FIG. 5 shows an alternative view of the four spatially diverse cameras capturing live action.
The resulting data can be represented by the color plus 3D location of the resulting voxel, represented by (R_vc1(i,j), G_vc1(i,j), B_vc1(i,j), X_vc1(i,j), Y_vc1(i,j), Z_vc1(i,j)) for Red, Green, Blue colors and X, Y, Z location for the voxel corresponding to camera 1 and pixel (i,j). Correspondingly, the other camera voxel data is represented by (R_vc2(i,j), G_vc2(i,j), B_vc2(i,j), X_vc2(i,j), Y_vc2(i,j), Z_vc2(i,j)), (R_vc3(i,j), G_vc3(i,j), B_vc3(i,j), X_vc3(i,j), Y_vc3(i,j), Z_vc3(i,j)), and (R_vc4(i,j), G_vc4(i,j), B_vc4(i,j), X_vc4(i,j), Y_vc4(i,j), Z_vc4(i,j)). Stitching together all of these voxels into the volume captured provides a virtual three-dimensional model of the scene. This process is repeated at the frame rate (30 fps or 60 fps for example) to create a real-time virtualized representation of the live action occurring within the venue.
There are many potential stitching algorithms that could be applied. For example, the color value for a particular voxel could be a blend (i.e. average) of the colors from all of the cameras that produce a voxel at that 3 dimensional location. Another alternative is that the voxel representation provides an independent color on each face of the voxel corresponding to the direction from which the voxel is seen. With more cameras at different perspectives the number of contributing R,G,B values increases and different approaches could be taken to blend them together. The same can be done for the brightness value at the voxel, in addition to the color, by applying similar stitching algorithms. Antialiasing or filtering techniques could also be used to smooth the image and spatial representation making the resulting rendering less jagged or blocky.
Once a full motion, complete three-dimensional model, with color imaging of a live event, is captured, it is then possible to render the action from any perspective or point on the view. In the same way a game console could be used to visualize a virtual world, it is possible to visualize the virtualized representation of the real world. There are numerous books that detail the rendering process for 3D games, e.g. “Mathematics for 3D Game Programming and Computer Graphics, Third Edition”, Eric Lengyel, Jun. 2, 2011, ISBN-10: 1435458869, ISBN-13: 978-1435458864. In addition to rendering the action on typical two-dimensional display, it is possible to render the action in three-dimensions using stereographic displays or other three-dimensional rendering techniques.
FIG. 6 shows a flowchart of the process of creating the complete three-dimensional model and rendering it. The outside loop of this flowchart is executed at the frame rate desired, for example, either 30 times-per-second or 60 times-per-second.
As shown in FIG. 6, a number of cameras are employed to capture 2D images plus depth of scenes in a time sequence of scenes in the event, and the cameras are synchronized so that when triggered, they will acquire images of the same scene at the same time (Block 102).

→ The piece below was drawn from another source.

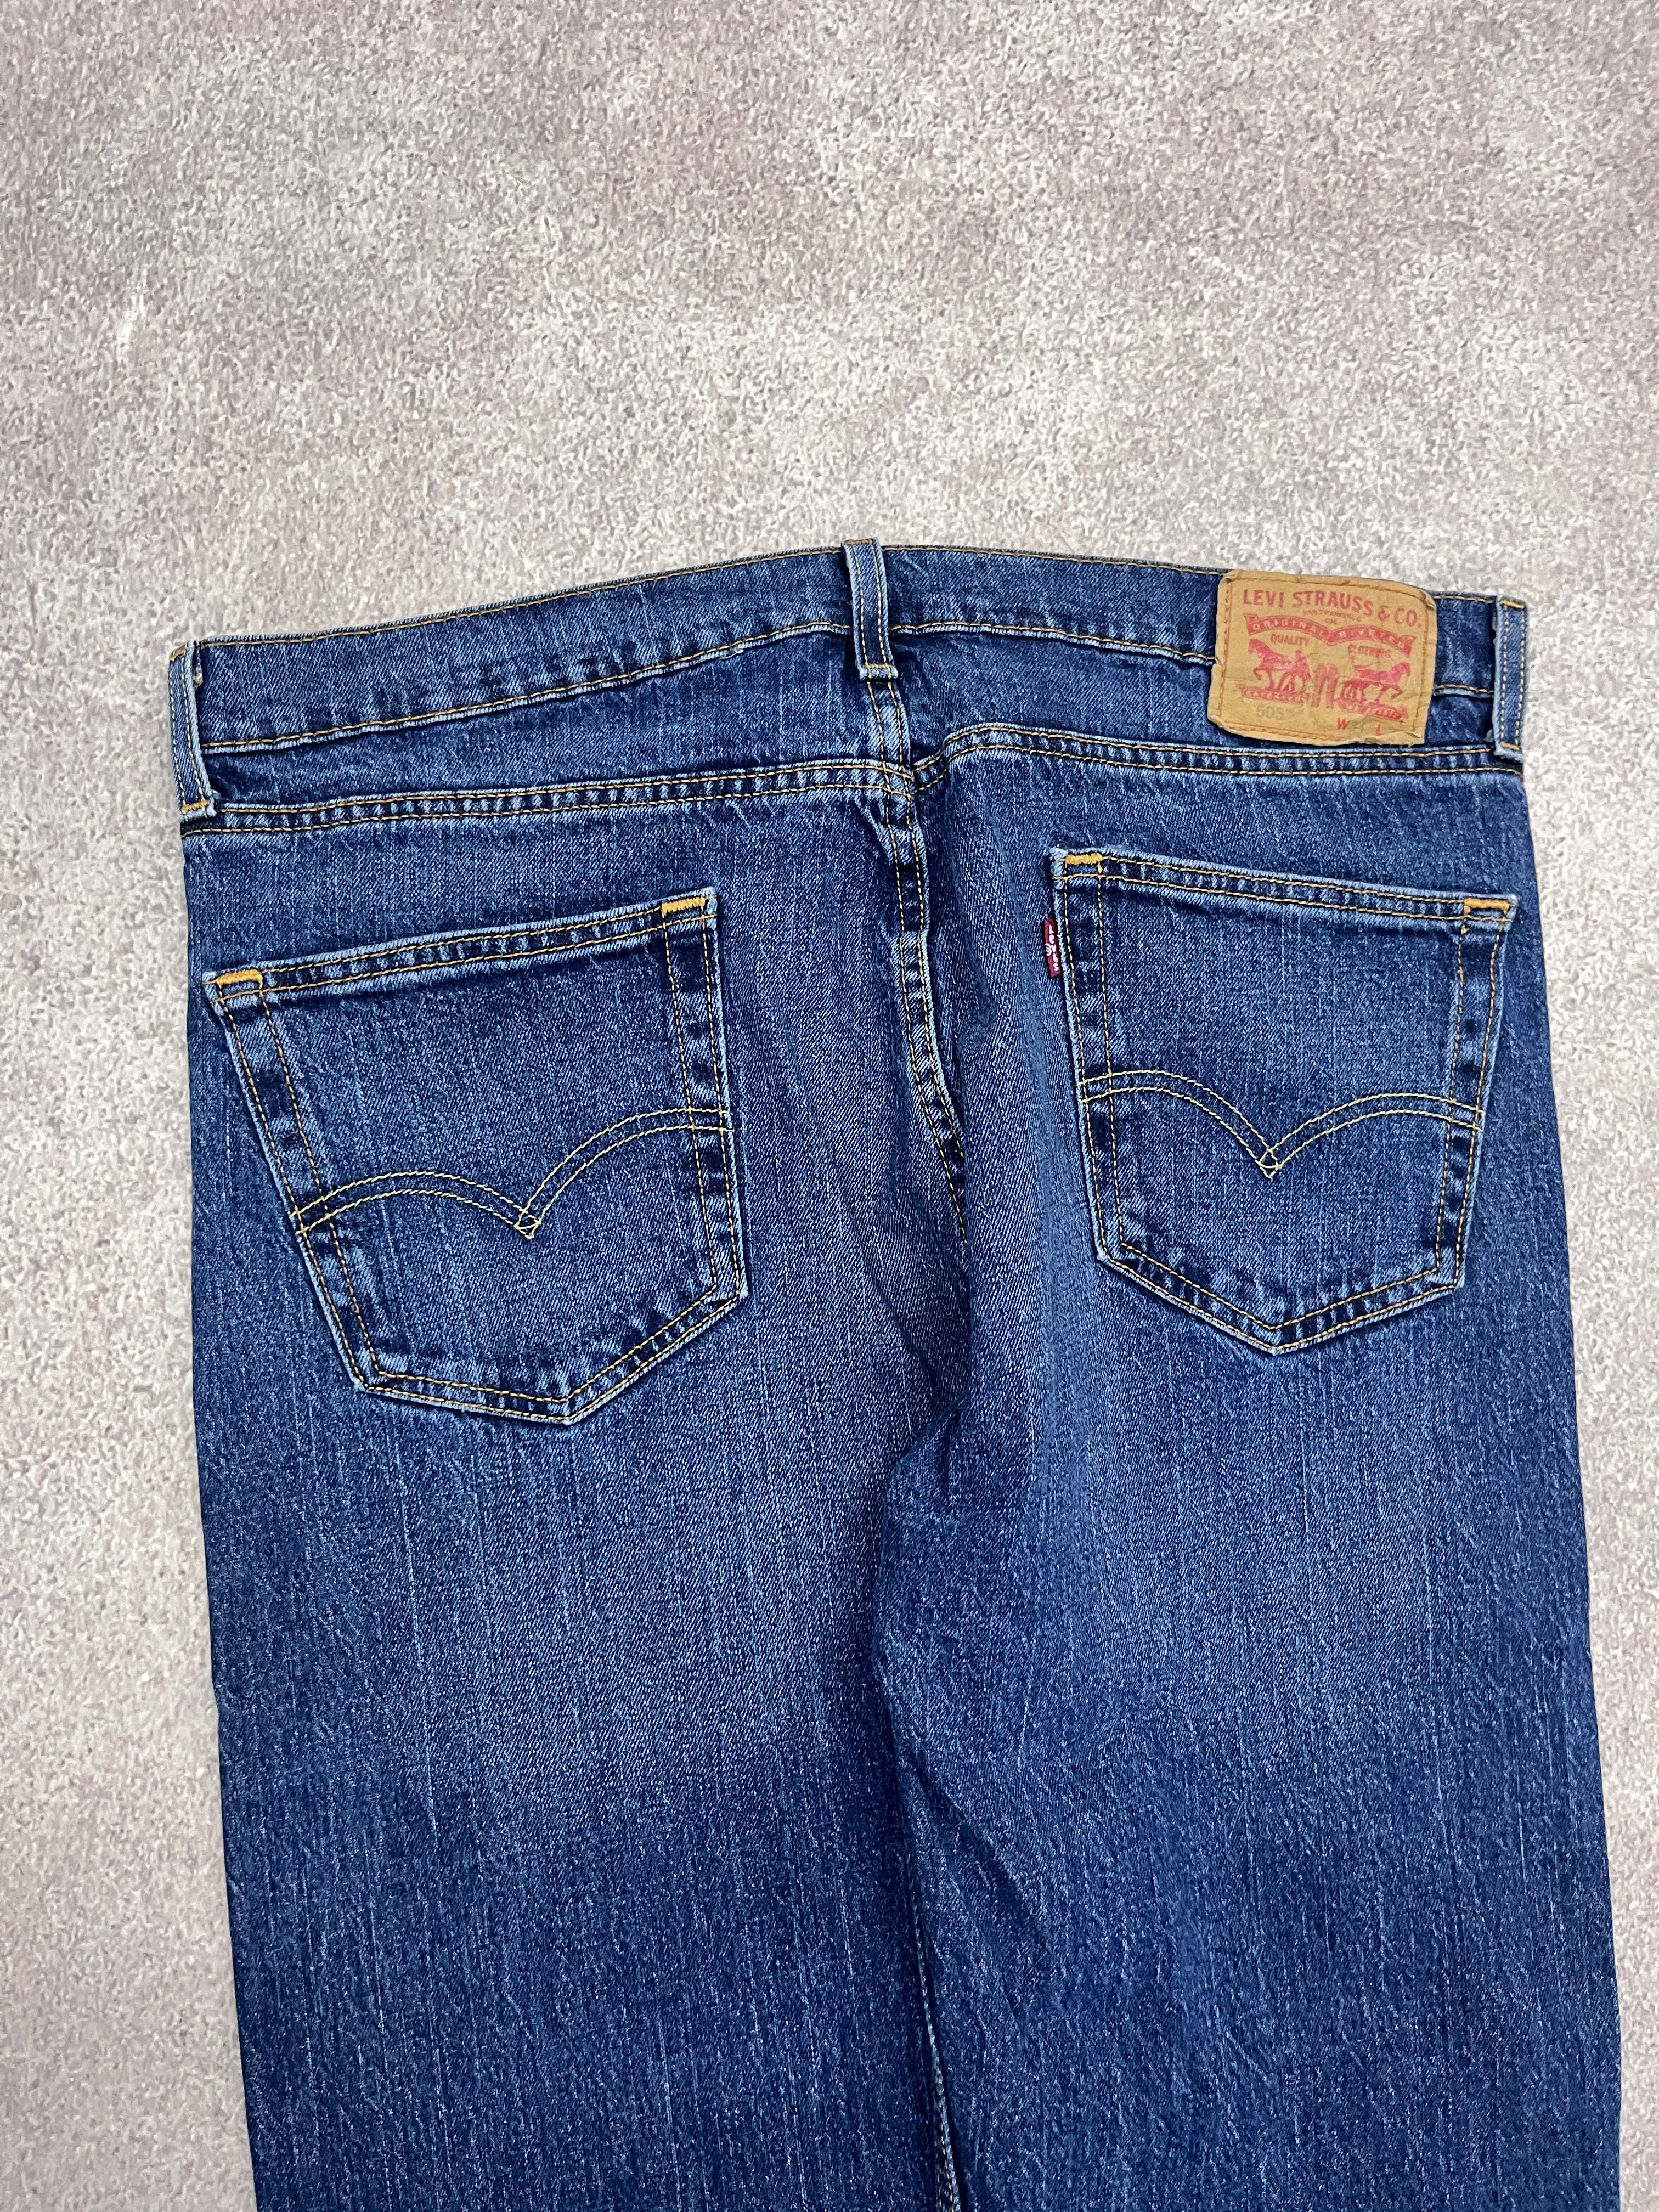 Vintage Levi 505 Denim Jeans Blue // W00 L00 - RHAGHOUSE VINTAGE

All voxels in a virtual 3D model are cleared (block 104), The 2D images plus depth information of a number of cameras need to be transformed to the venue frame of reference. The first camera from which the images are to be processed is identified as camera 1 (block 106). The x and y coordinates of the first pixel in a 2D image of camera 1 will need to be transformed to the venue frame of reference. The pixel_x and pixel_y counts of this first pixel are set to zero (block 110) and a transform matrix is computed for the current pixel and the current camera (block 108). The x and y coordinates of the first pixel plus the depth of this pixel are transformed using the equations set forth above to a potential voxel at the X, Y, Z location in the venue frame of reference (block 112). Color of this potential voxel is arrived at by applying the R, G, B color of the first pixel (block 114). The system queries as to whether this is the first voxel in the virtual model at If this is the first voxel at the X, Y, Z location in the venue frame of reference (diamond 116). Since this is the first voxel at the X, Y, Z location, the answer to this query is “NO” and the system proceeds to create the X, Y, Z location in the venue frame of reference (block 118). Pixel_x and pixel_y counts are then incremented by 1 for the second pixel from camera 1 (block 120).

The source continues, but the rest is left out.